▸ **Problem details**: The material below holds the lines to copy: from the one with "см. для интерьера" up to and including the one with "una linda niña". Copy them exactly and skip the pictures.

▸ **Given records**:
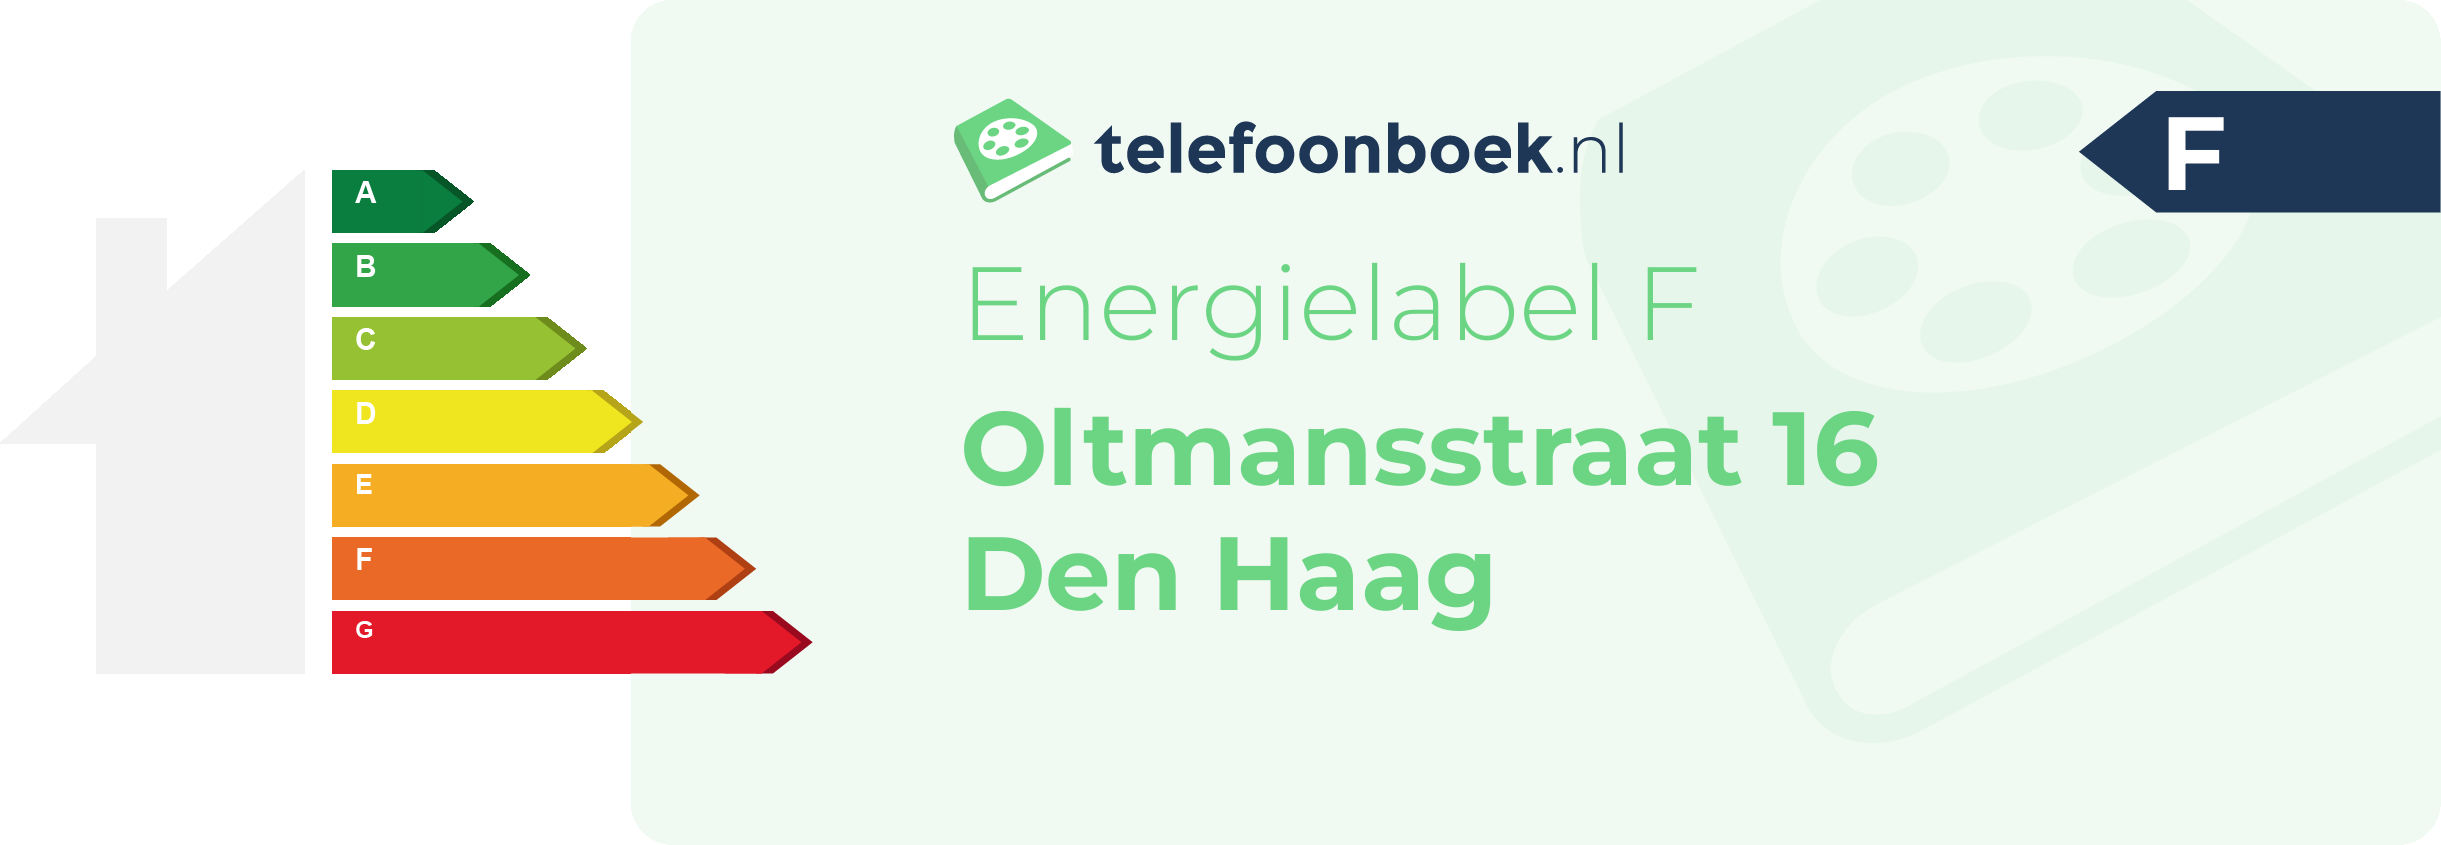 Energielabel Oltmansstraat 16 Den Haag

--

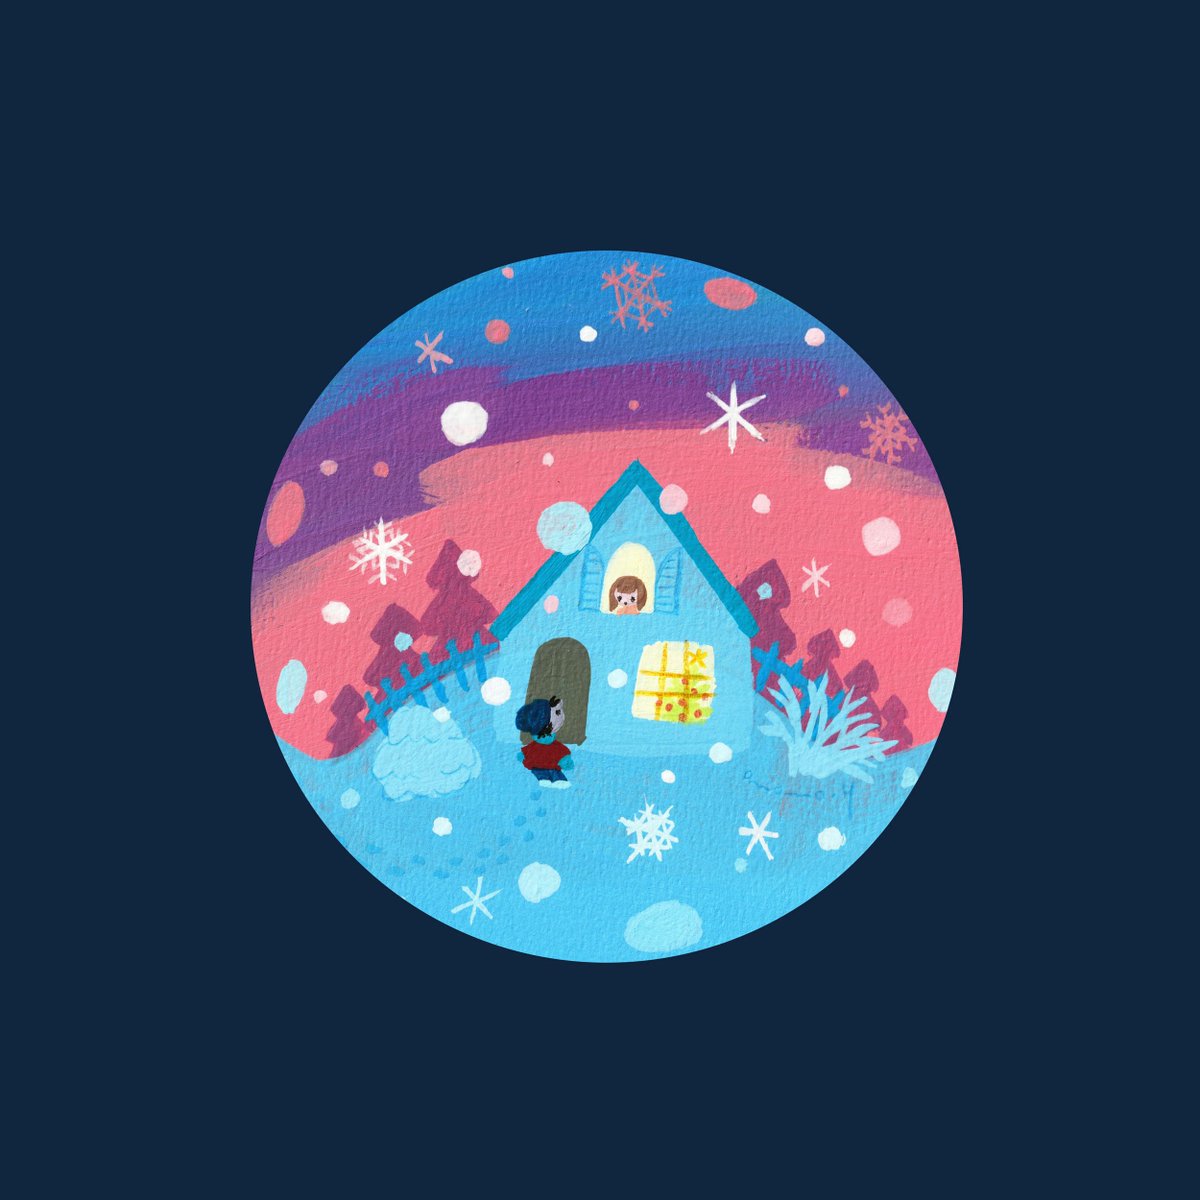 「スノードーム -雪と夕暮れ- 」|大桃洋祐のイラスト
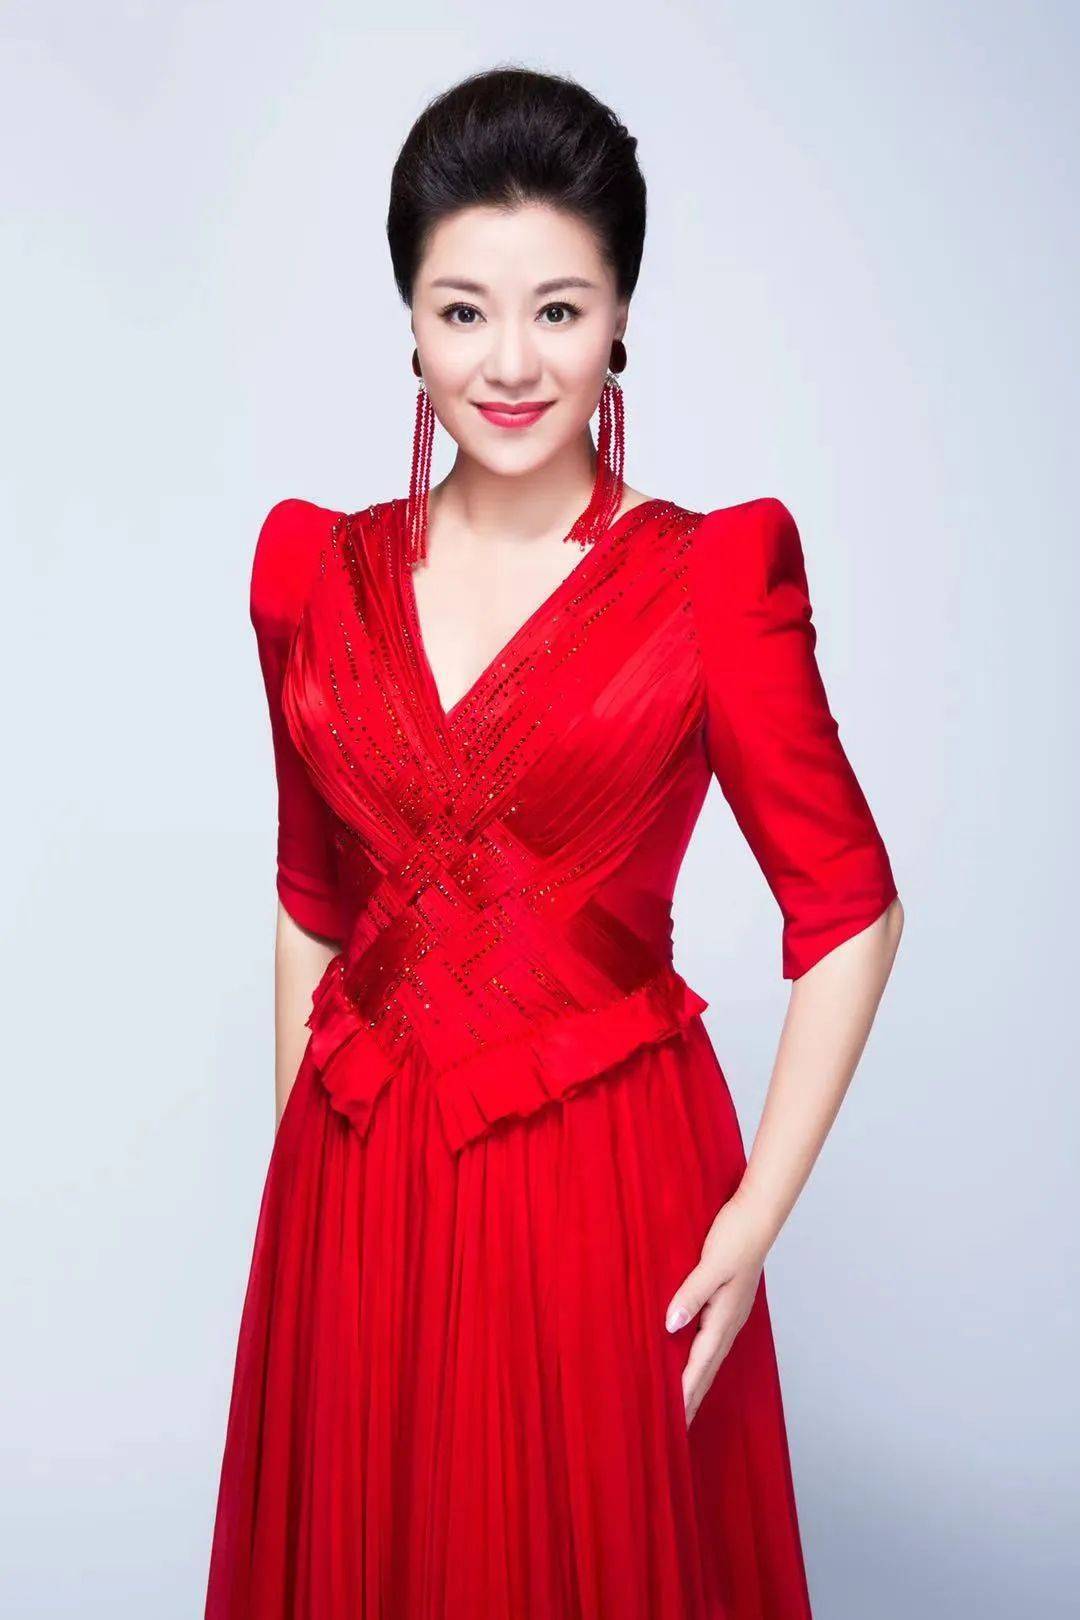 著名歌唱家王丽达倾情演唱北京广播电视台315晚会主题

--

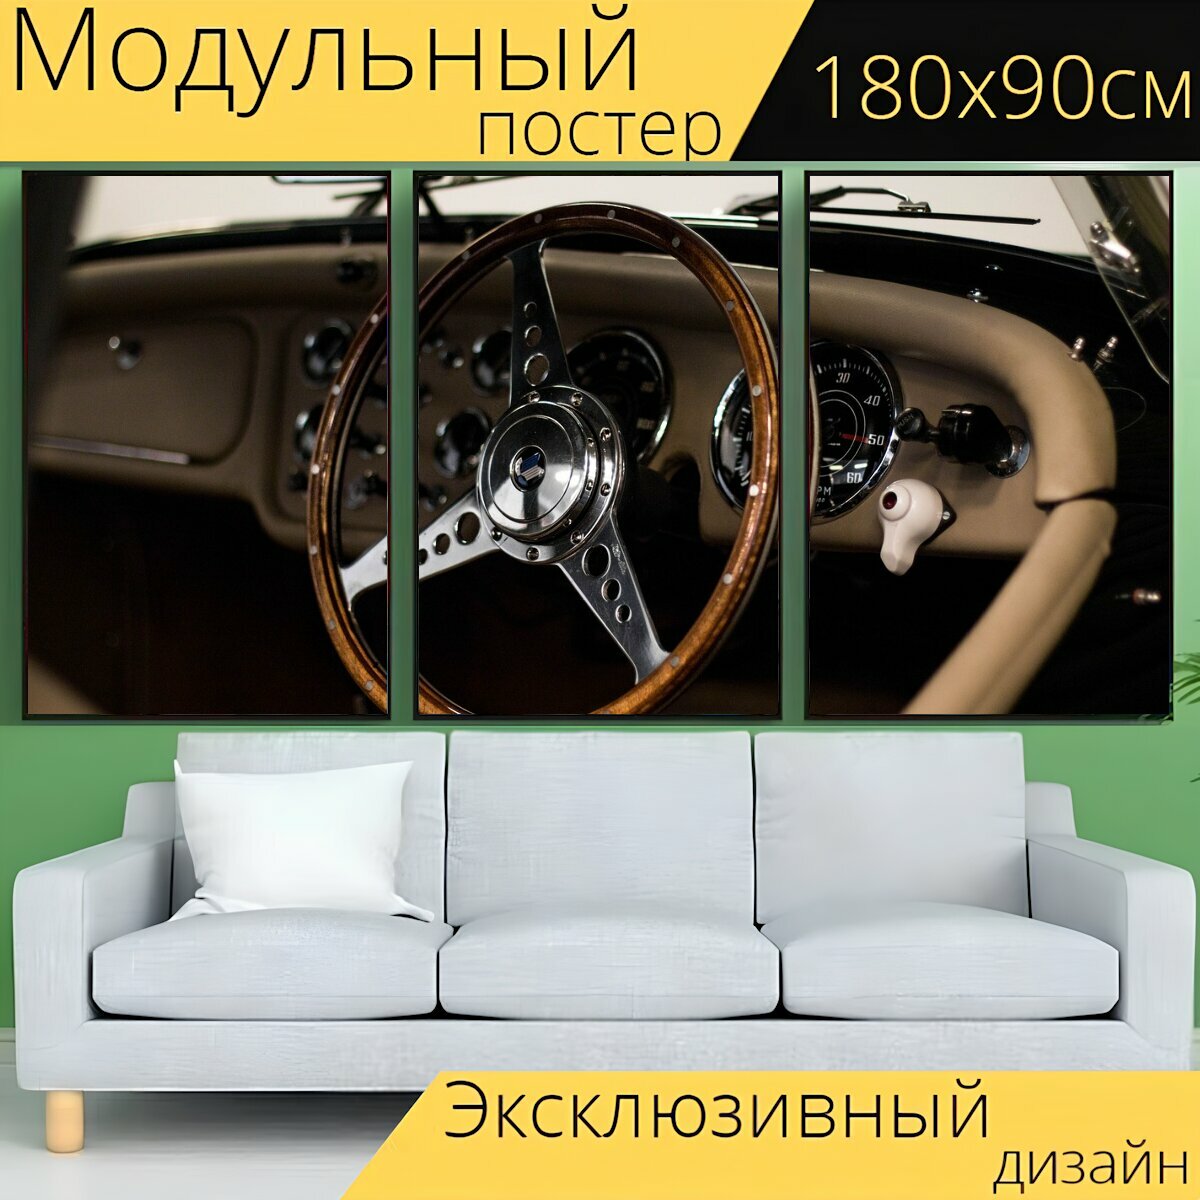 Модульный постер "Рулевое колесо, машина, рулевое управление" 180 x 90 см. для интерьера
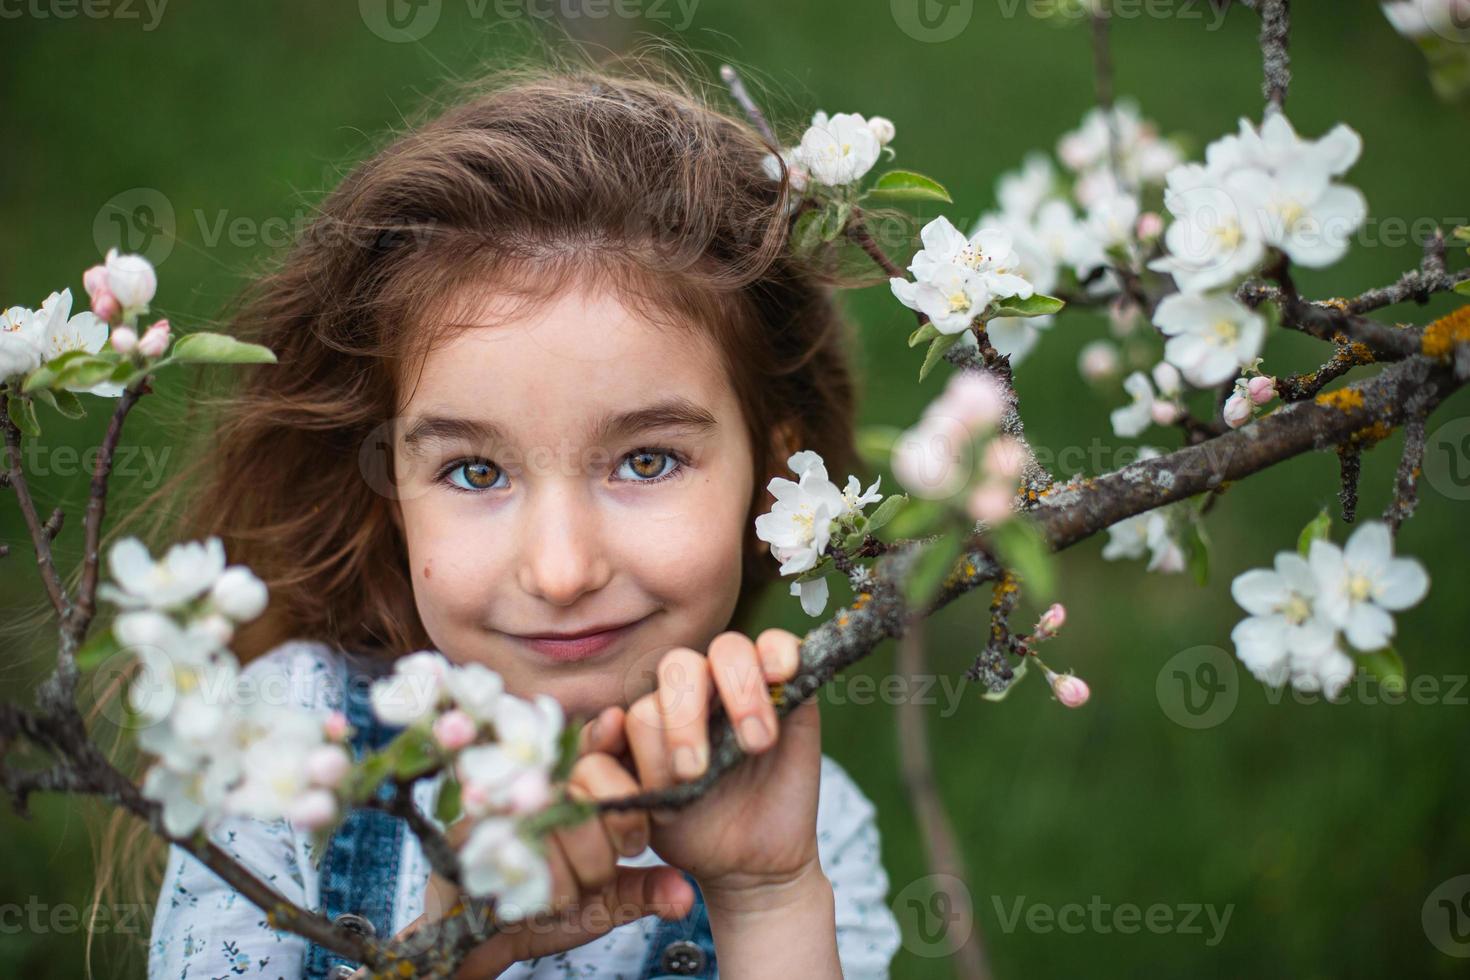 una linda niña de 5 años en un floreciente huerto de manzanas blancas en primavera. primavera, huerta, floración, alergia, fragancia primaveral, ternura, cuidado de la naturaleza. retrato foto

▸ **Final answer**:
 Модульный постер "Рулевое колесо, машина, рулевое управление" 180 x 90 см. для интерьера
 una linda niña de 5 años en un floreciente huerto de manzanas blancas en primavera. primavera, huerta, floración, alergia, fragancia primaveral, ternura, cuidado de la naturaleza. retrato foto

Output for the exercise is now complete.